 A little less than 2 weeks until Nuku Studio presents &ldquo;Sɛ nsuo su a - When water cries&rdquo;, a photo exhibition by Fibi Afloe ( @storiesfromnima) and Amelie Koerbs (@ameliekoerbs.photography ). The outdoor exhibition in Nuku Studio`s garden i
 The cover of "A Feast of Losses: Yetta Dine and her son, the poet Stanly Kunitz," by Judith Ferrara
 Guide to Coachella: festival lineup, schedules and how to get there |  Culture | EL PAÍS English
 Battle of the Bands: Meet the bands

- PROBLEM TO WORK ON
Whatever lies between the line containing "The cover of" and the final line above, both included, must be returned exactly.

- TASK ANSWER
 The cover of "A Feast of Losses: Yetta Dine and her son, the poet Stanly Kunitz," by Judith Ferrara
 Guide to Coachella: festival lineup, schedules and how to get there |  Culture | EL PAÍS English
 Battle of the Bands: Meet the bands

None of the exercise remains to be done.